VA: Sick Music 2018
Hospital Records

VA: Urban Wildlife Vol. 3
Urban Wildlife

The optimal vehicle for a label to showcase the breadth of its wares is, of course, the compilation, and two recent ones see Hospital Records and Urban Wildlife doing exactly that. Both collections attest to the seemingly inexhaustible diversity of drum'n'bass, though do so from slightly different angles, with Hospital's set slightly more populist in tone than the comparatively rawer one from Urban Wildlife.
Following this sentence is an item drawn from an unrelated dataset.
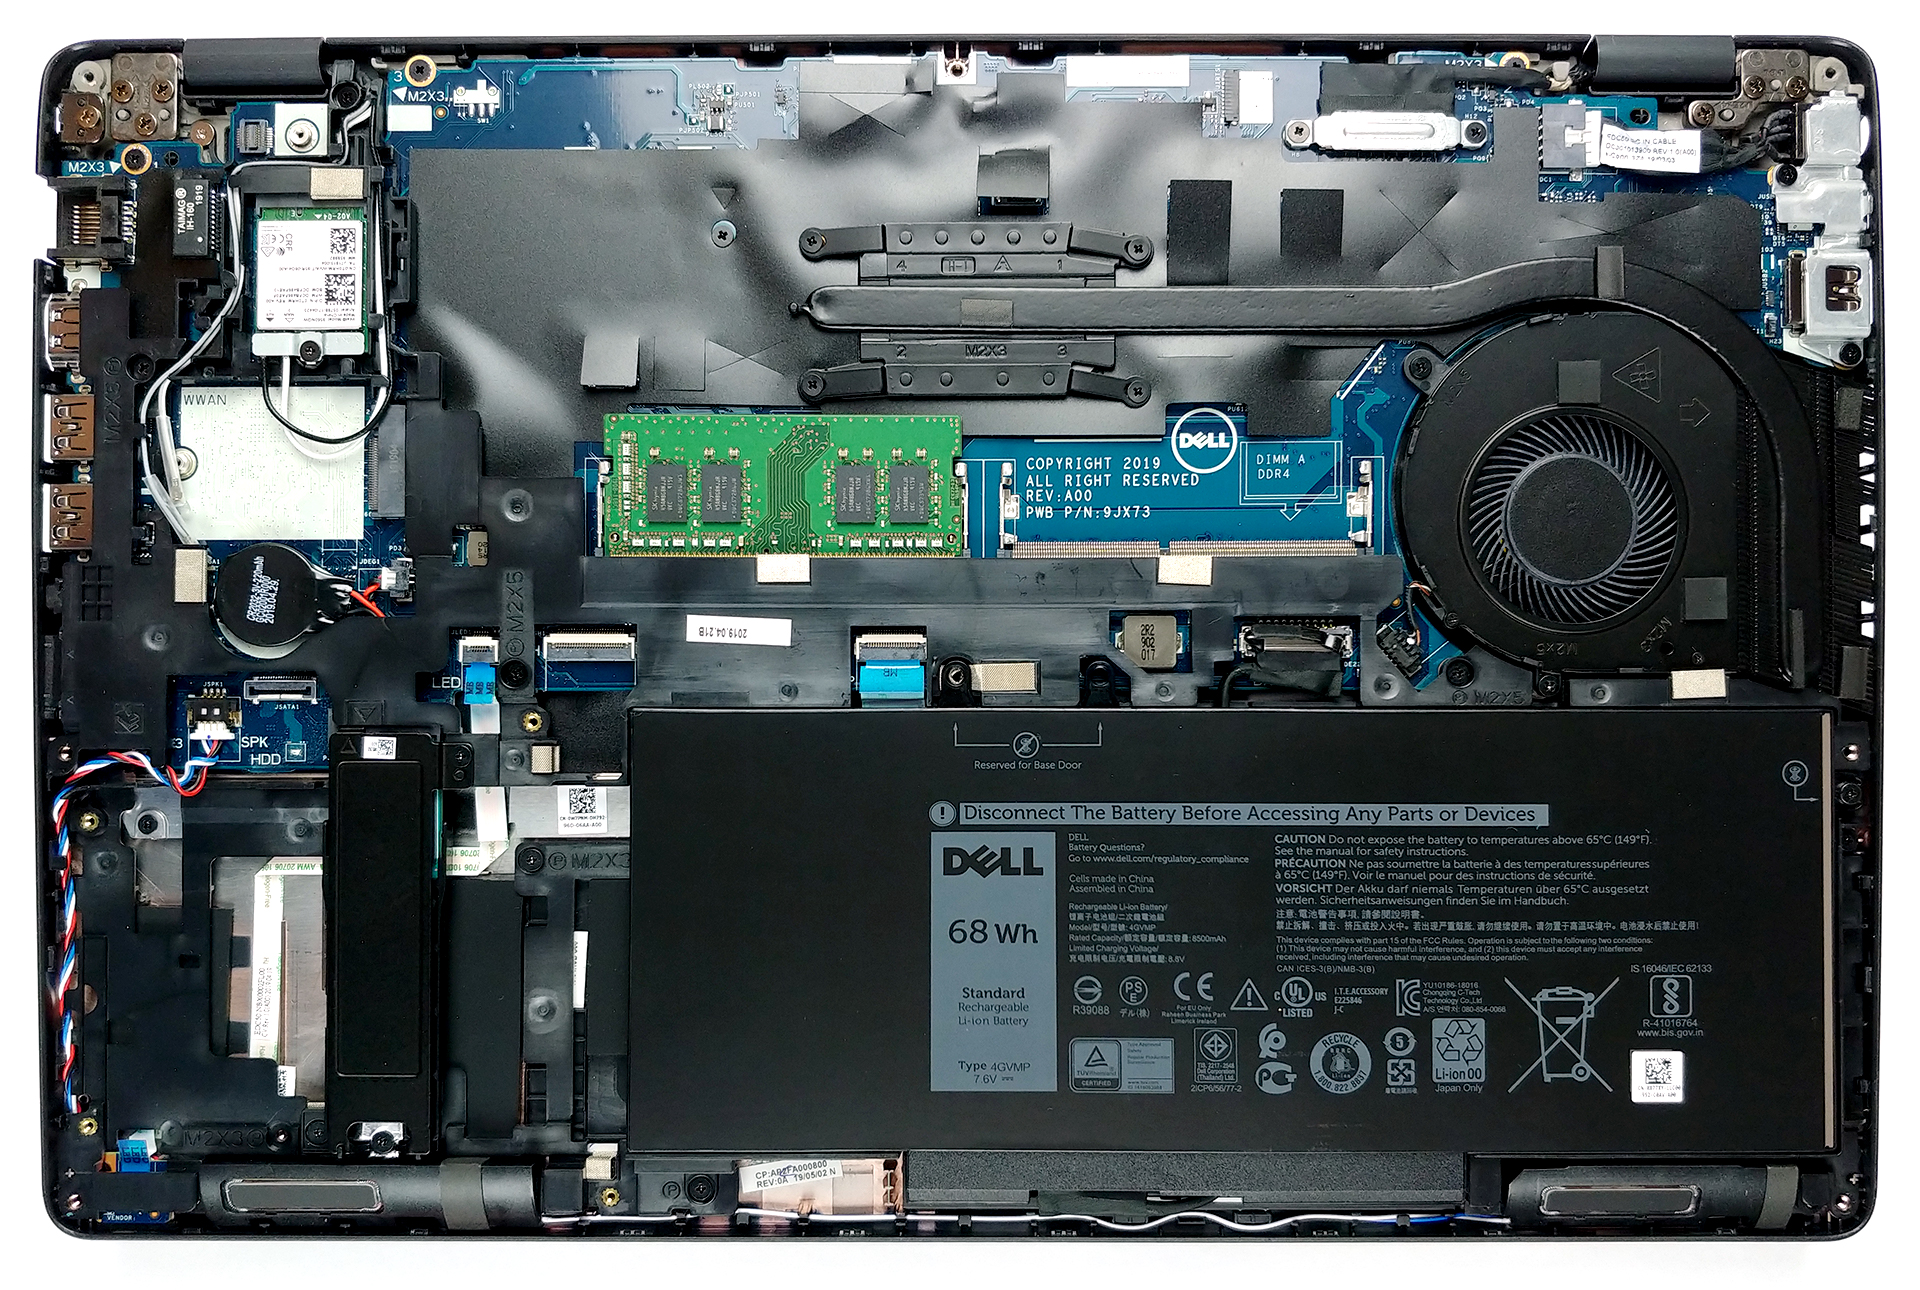 Dell Latitude 5500 review - it will certainly enhance your business  experience | LaptopMedia 中国

Differences aside, both are voluminous releases featuring twenty-plus tracks apiece that have much to offer the devotee and neophyte alike.

Like many a compilation, Hospital's is a bit of a hit-and-miss affair, some cuts stellar and others less so. A far greater number constitute the former, however, starting with Keeno's sublime opener “The Comet,” a perfectly calibrated example of drum'n'bass at its most liquid and epic. Buildups are executed artfully and peaks reached organically, and the whole's grounded in a lovely piano riff that's tinged with just the right amount of melancholy. Also graced by a lovely piano motif, Hugh Hardie's “Nightingale” impresses as a particularly elegant and seductive exercise in jazz-inflected drum'n'bass, and one would have to be curmudgeonly indeed not to be charmed by Keeno's swoon-worthy take on Fred V & Grafix's “Hurricanes (Wild Love),” the infectious soul of S.P.Y's club remix of Camo & Krooked's “Loving You Is Easy,” and S.P.Y's own “Love Unlimited VIP.” Epic but not overwrought are Schematic x Polaris's “Sculpture” and Reso's “Sungaze,” whereas on the tech-styled end of the spectrum we find Kings Of The Rollers' “Burnt Ends,” which engages the synapses with weird siren-like horn noises.

On a slightly less enthralling tip is Danny Byrd's “Devil's Drop,” which, despite the appeal of a hugely funky bass line, is a little too crowd-pleasing for my liking, especially when a voice repeatedly appears encouraging the listener to “make sure you play this at a high volume”—surely something the music alone should incite. Still, truth be told there's only one track I'd never revisit: Serum, Voltage & Inja's too-repetitive “Gunfinger Fam VIP.” Names such as Klute and Seba will be familiar to genre aficionados, and the set also includes contributions from Hospital commander-in-chief London Elektricity, one of which, a Mitekiss remix of “Just One Second” featuring a wonderful vocal by Elsa Esmeralda, is disarmingly beautiful. Trainspotters also should note that while the label's made Sick Music 2018 available in the usual formats, the limited box set, which includes a CD, four twelve-inch plates, and t-shirt, looks like the must-have.

The names of the young producers on Urban Wildlife's set might be less familiar than those on Hospital's, but the collection itself stands up extremely well next to its polished counterpart. Urban Wildlife sees itself “as a connecting link in the chain between various subcultures,” and certainly much on this third label compilation reflects that boundary-collapsing ethos. In a small number of cases, traces of soul, jazz, and dub emerge from the material without the essence of drum'n'bass getting shortchanged in the process. Raw and underground the material often is, but it's consistently strong and without a clunker in sight.

A dark vibe asserts itself often in the set-list. It's established early when cyb's “Cowards” introduces the set with a brooding slice of anti-authoritarianism and is rendered explicit with Diaz Soto's “Six Million Ways” and its “Six million ways to die... choose one” voice sample. Speaking of which, someone sounding very much like Bane (from The Dark Knight Rises) ups the mayhem ante during Dub Flavour and Jayruff Burry's “Soundboy.” Yet as dark as Urban Wildlife Vol. 3 often is, the clouds sometimes part to let a bright moment come through. In draping chiming, sing-song synths across a buoyantly skipping base, Duktus's “Edgebug” sounds not only carefree but almost joyful, while on the soulful and sultry tip, there are Dushi's “Love and Happiness,” Single Purpose's “Anamnesis,” and EmTee's affecting scene-stealer “See Her Again.”

Elsewhere, diseased synth stabs punctuate a rumbling undercurrent in Der Steyr's “Absolute Magnitude” before an amen-powered groove gives the tune muscular heft, while the drama of Grafias's dub-inflected “Tonight” is intensified by a strong vocal by Malou. Some cuts roil (Dr Woe's stormer “Separate (2018 Remix),” Mystical Sound's tough “The Riddle”), some soar (Living Plastic's uplifting “The Night (Alternative),” ZeroZero's “Four Walls”), and some sparkle (Usus's “Sundays”), and any collection featuring a cut as engaging as EmTee's “See Her Again” definitely earns its recommendation.